**Work to complete**
Below are the records; repeat exactly their lines between the line holding "Adam's Website" and the line holding "Greene & Co", inclusive, skipping the pictures.

**Dataset records**
■ ■ ■ ■ ■
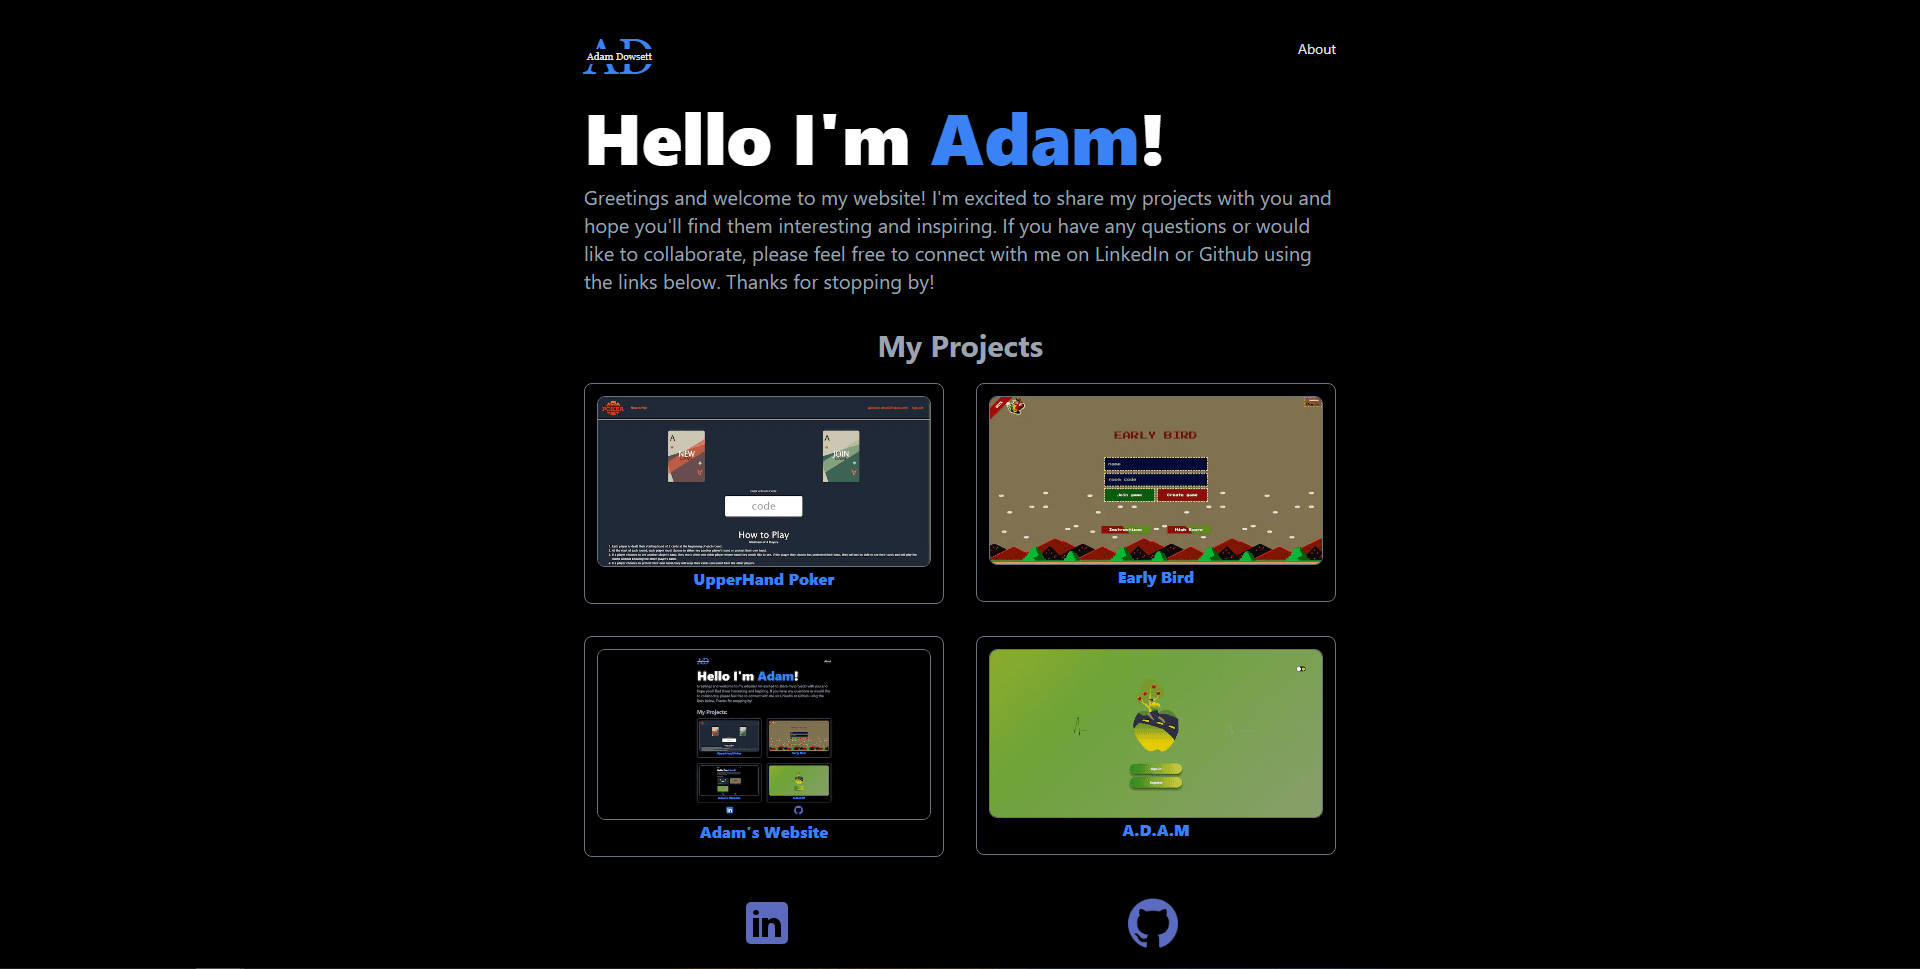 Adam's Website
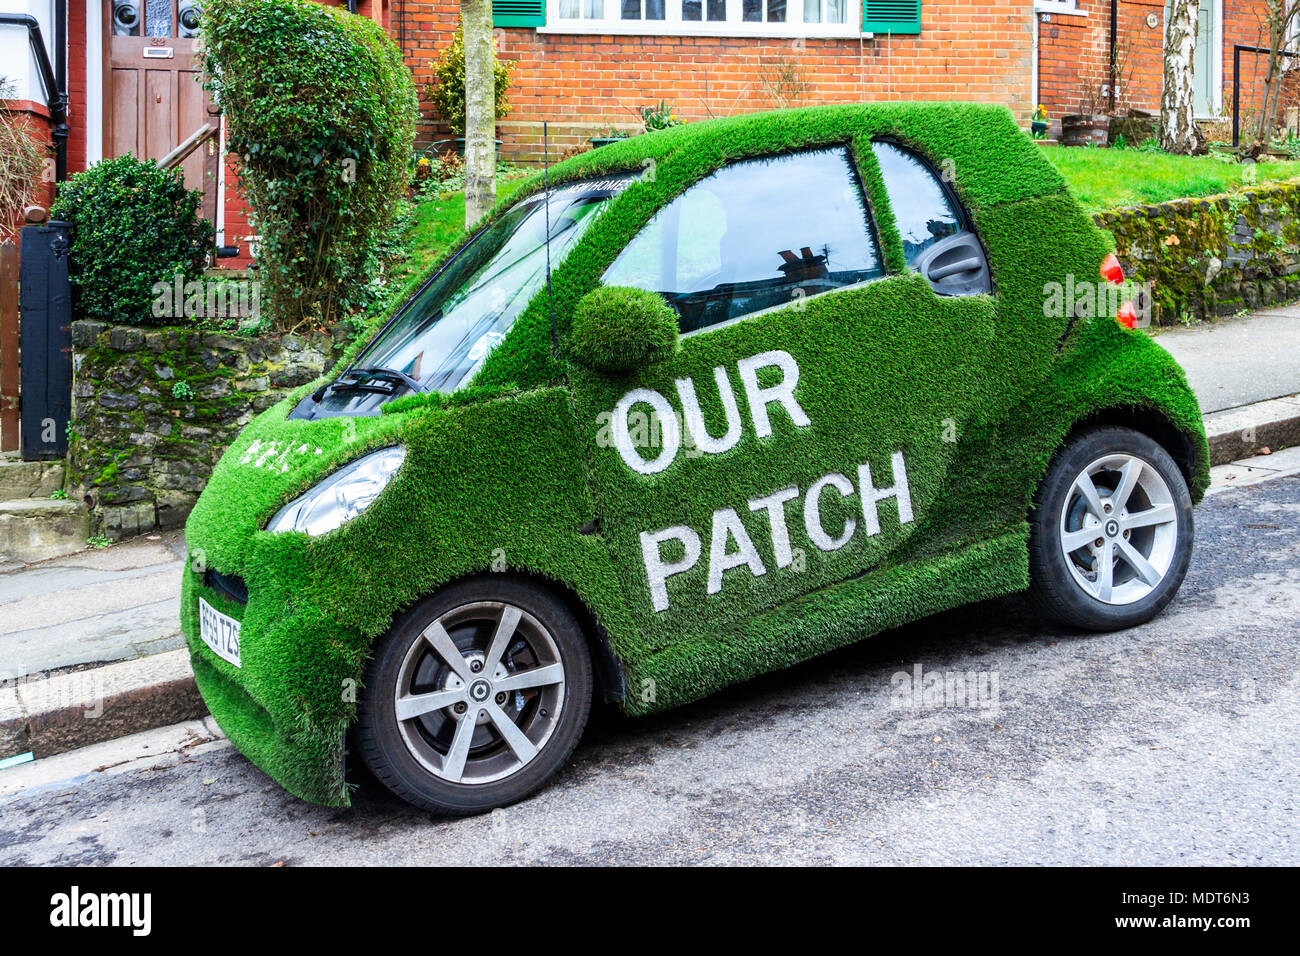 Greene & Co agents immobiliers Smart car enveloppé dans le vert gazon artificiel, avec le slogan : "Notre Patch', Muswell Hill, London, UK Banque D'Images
■ ■ ■ ■ ■
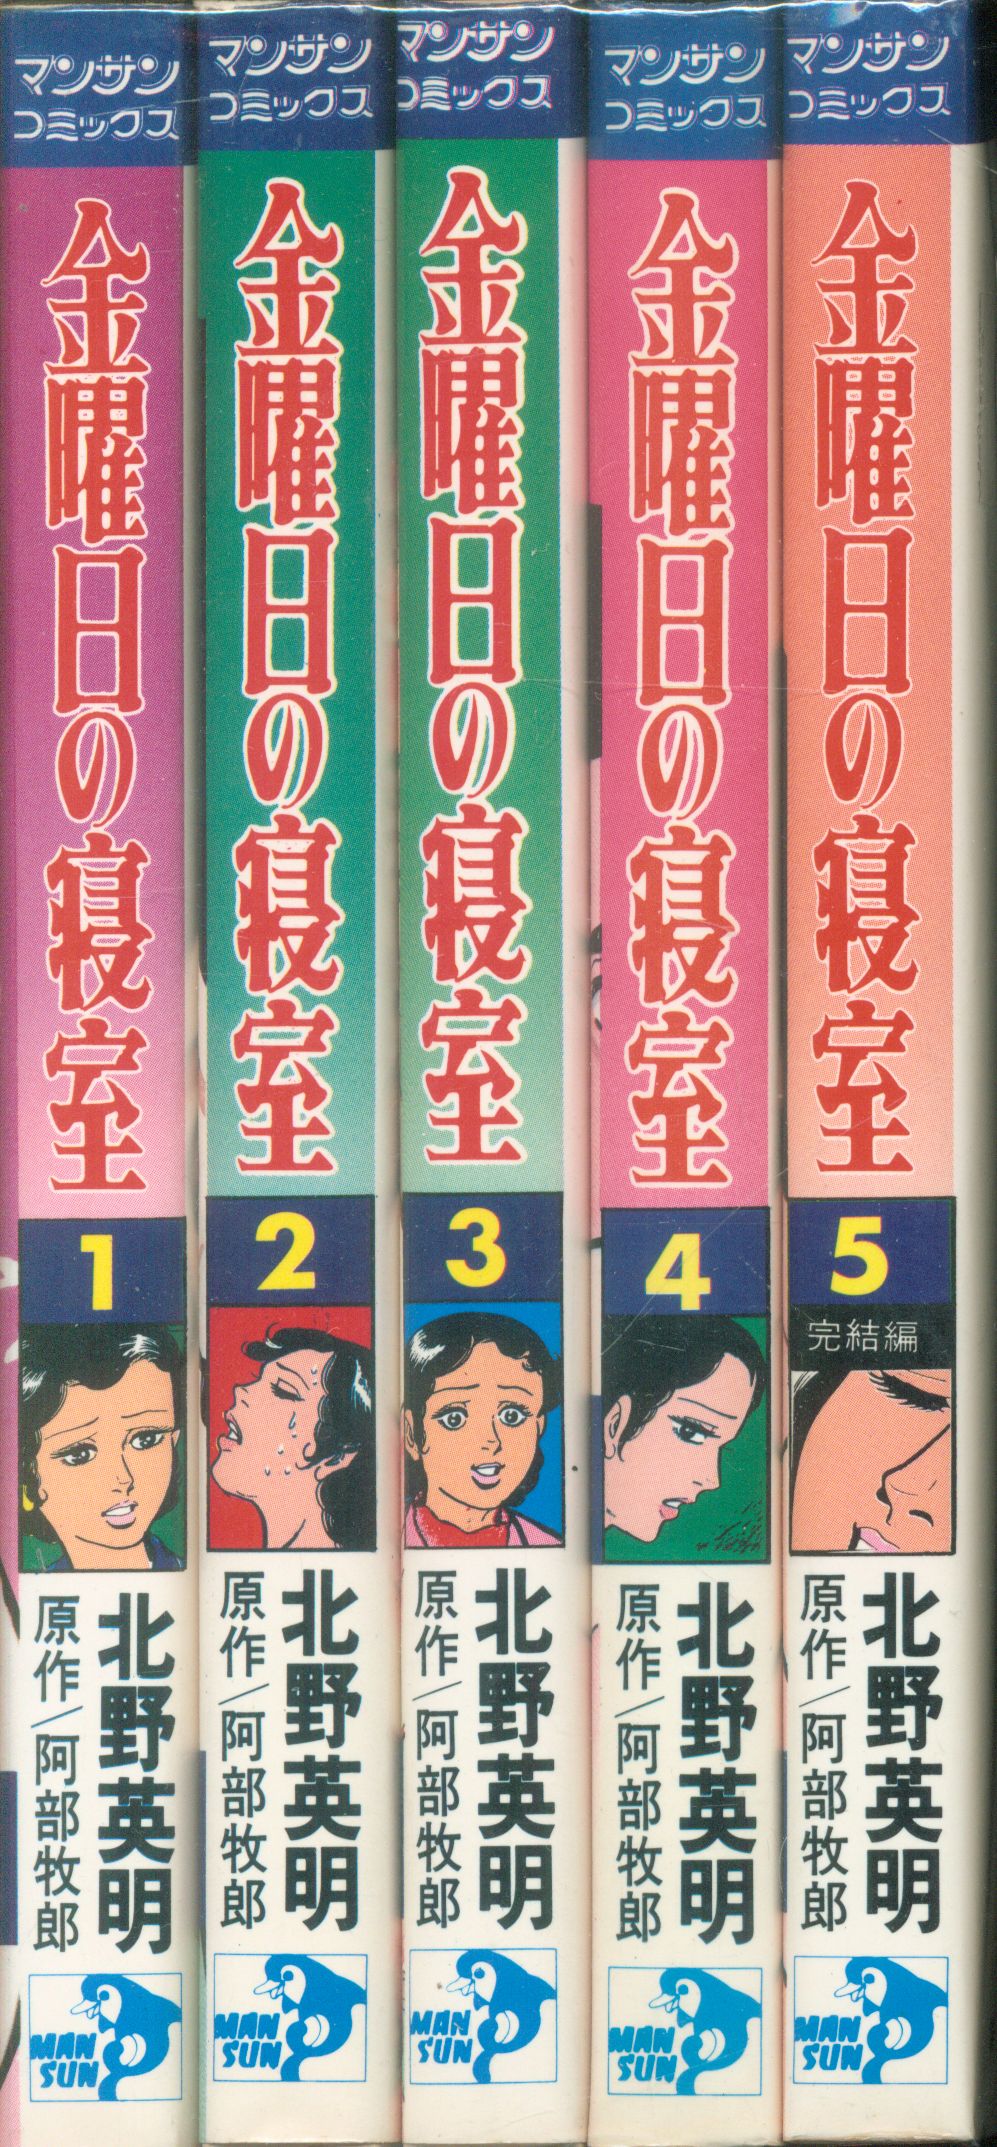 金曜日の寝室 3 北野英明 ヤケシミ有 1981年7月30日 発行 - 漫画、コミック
■ ■ ■ ■ ■
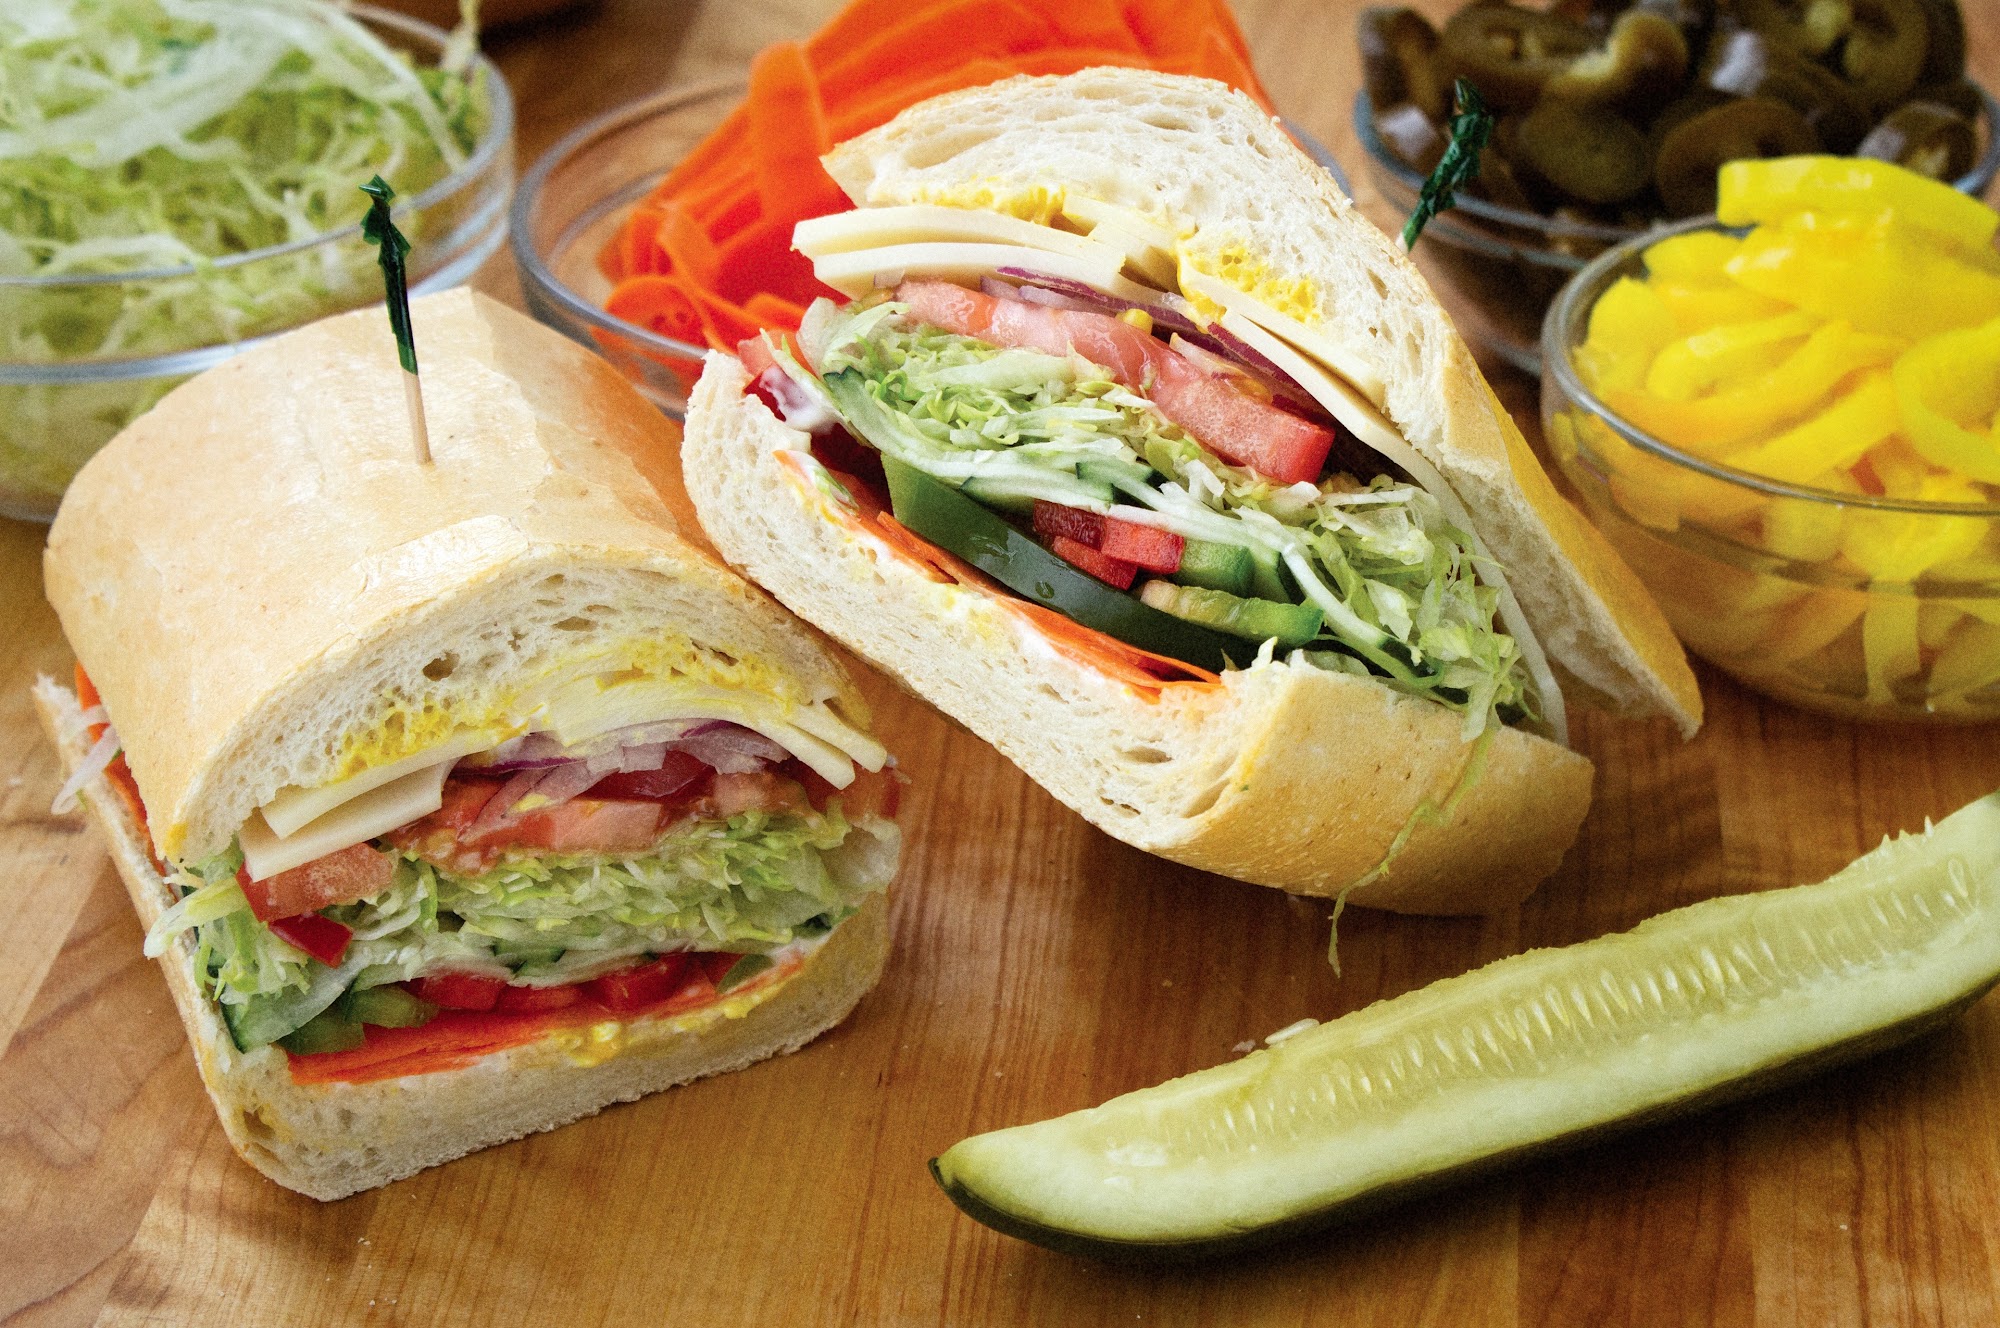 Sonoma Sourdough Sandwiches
■ ■ ■ ■ ■
**Solution to this task**
 Adam's Website
 Greene & Co agents immobiliers Smart car enveloppé dans le vert gazon artificiel, avec le slogan : "Notre Patch', Muswell Hill, London, UK Banque D'Images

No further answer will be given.